A deal is on the table at UN climate talks that would require poor nations to halt deforestation completely by 2030 on the condition that wealthy nations fork over $22 billion to $37 billion to jump start the plan, according to new text leaked today in Copenhagen.

"There’s money in there for the first time," Peg Putt of the Wilderness Society told SolveClimate in an interview. That alone is "quite significant," she said.

The proposal is one of three objectives being considered to drive the entire Reducing Emissions from Deforestation and Degradation scheme, known as REDD.

It’s the only one with dollar amounts.

The range proposed isn’t new. It comes from the Informal Working Group for Interim Finance on REDD, a project of the Prince of Wales and the government of Norway. On Thursday, UK Prime Minister Gordon Brown and French Prime Minister Nicholas Sarkozy similarly announced that rich nations must come up with $25 billion between 2010 and 2015 in forestry seed money.

Despite an appearance of consensus, though, a financing commitment on REDD is hardly set in stone — in fact, nothing is in the highly bracketed, seven-page REDD draft, which doubled in size overnight.

The document is now headed to high-level ministers and probably heads of state for further hashing out. World leaders will have until close of the Copenhagen conference on Friday to finalize the details.

Money, Targets In

Last week, talks on REDD got bogged down in a dispute between poor and rich countries over financing. As a result, developing nations yanked numerical targets from a REDD draft leaked Friday.

The poorer countries said they wanted the wealthy to put up funds before they bound themselves to anything more than a generalized statement.

In today’s text, targets are back on the table in two of the three objectives floated as options.

Sources say "Option 1," the least ambitious, has the most support. It states that

"all Parties shall collectively aim to reduce emission and increase removals by halting and reversing in forest cover and carbon loss in developing countries."

"It means absolutely nothing," said Roman Czebiniak, a lawyer who has been active in the negotiations.

"Option 2," courtesy of the European Union, boasts similar language with a key difference: a target requiring developing nations to stop forest loss by 2030.

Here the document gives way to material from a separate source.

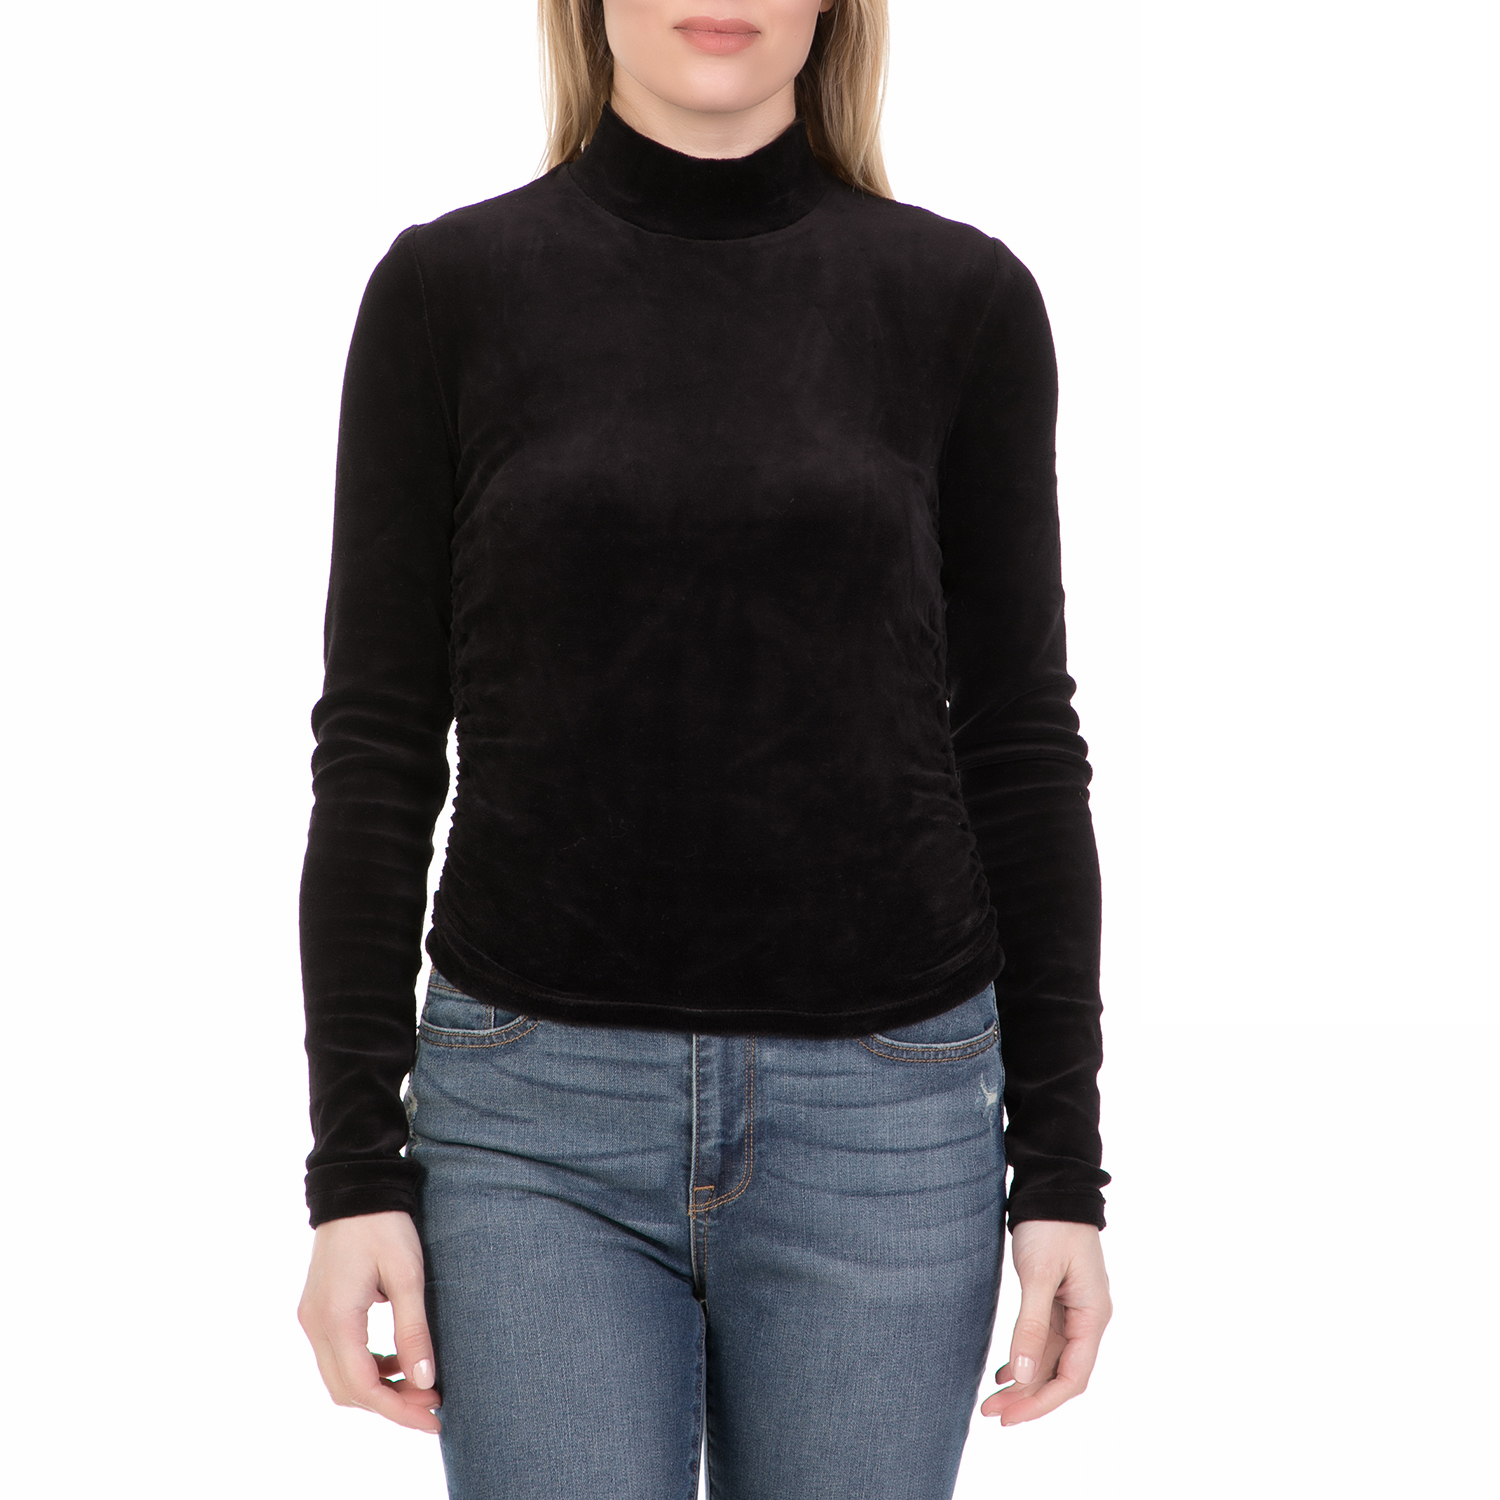 Γυναικεία/Ρούχα/Μπλούζες/Μακρυμάνικες JUICY COUTURE - Γυναικεία μπλούζα με ζιβάγκο STRETCH VELOUR JUICY COUTURE μαύρη

It also specifies a mid-term goal. Countries would need to halve deforestation by 2020. Importantly, these targets would be conditional on financing, although specific dollar amounts were not mentioned.

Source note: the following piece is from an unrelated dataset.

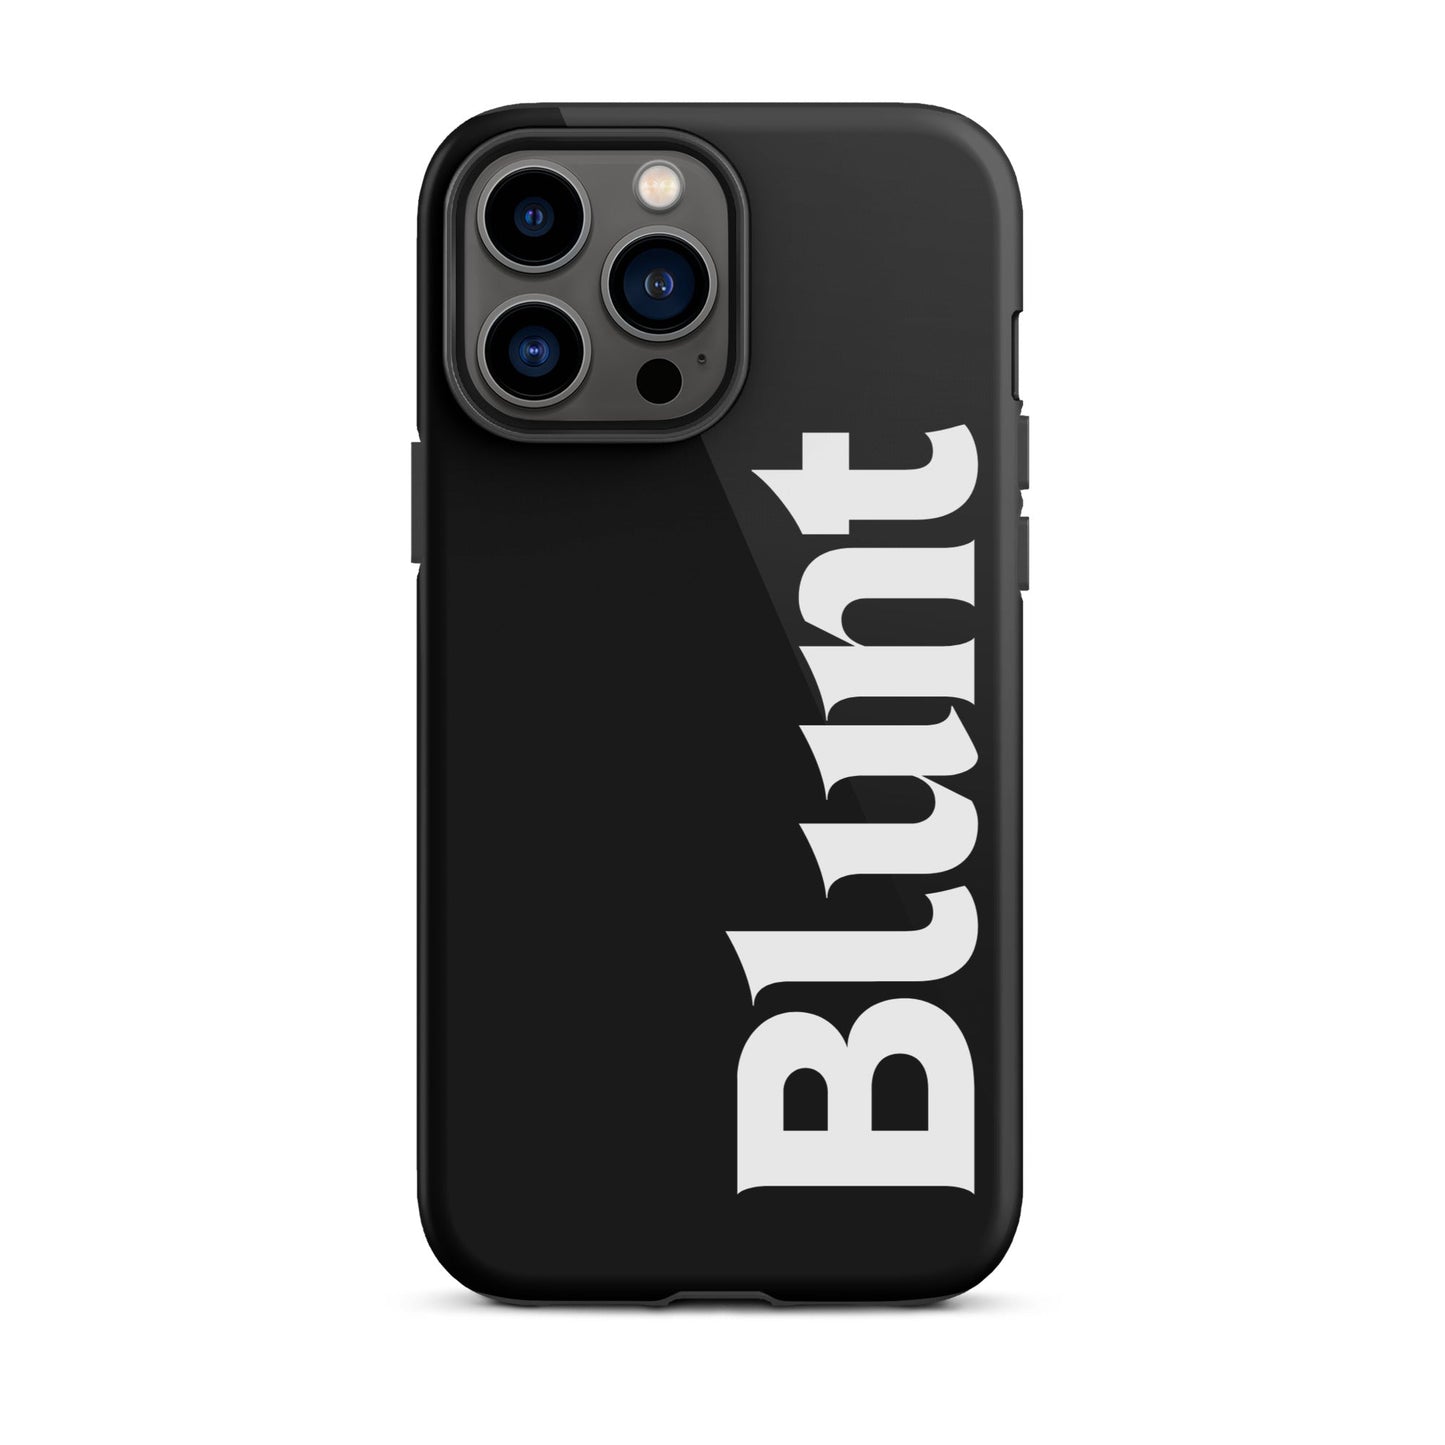 Blunt iPhone Case - blunt cases

If we can get the $22 billion to $37 billion dollar amount in there, said Czebiniak, "this would be the best option on the books."

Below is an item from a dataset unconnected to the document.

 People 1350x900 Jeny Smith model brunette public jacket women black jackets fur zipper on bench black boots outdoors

"Option 3" is indeed historic in urging specific dollar amounts. But the fact that it makes no mention of a target for slowing deforestation by 2020 is a red flag for advocates.

REDD’s Woes

In spite of some fresh optimism on REDD, advocates expressed frustration with the newly bloated agreement.

With just three days left of Copenhagen, "more is not better," Andrea Johnson, director of forest campaigns at the non-governmental Environmental Investigation Agency, told SolveClimate.

Further, earlier versions of REDD text protected natural forests from being razed for less climate-friendly palm oil and other plantations.

The "conversion safeguard," as it’s called, was weakened in today’s draft, according to analysts.

In Monday’s text, negotiators agreed that the conversion provision would need to be "adhered to." By Tuesday, that directive was sliced out in favor of the words "promoted" and "supported."

The United States is seen by many as the chief culprit behind the watering down of the safeguards.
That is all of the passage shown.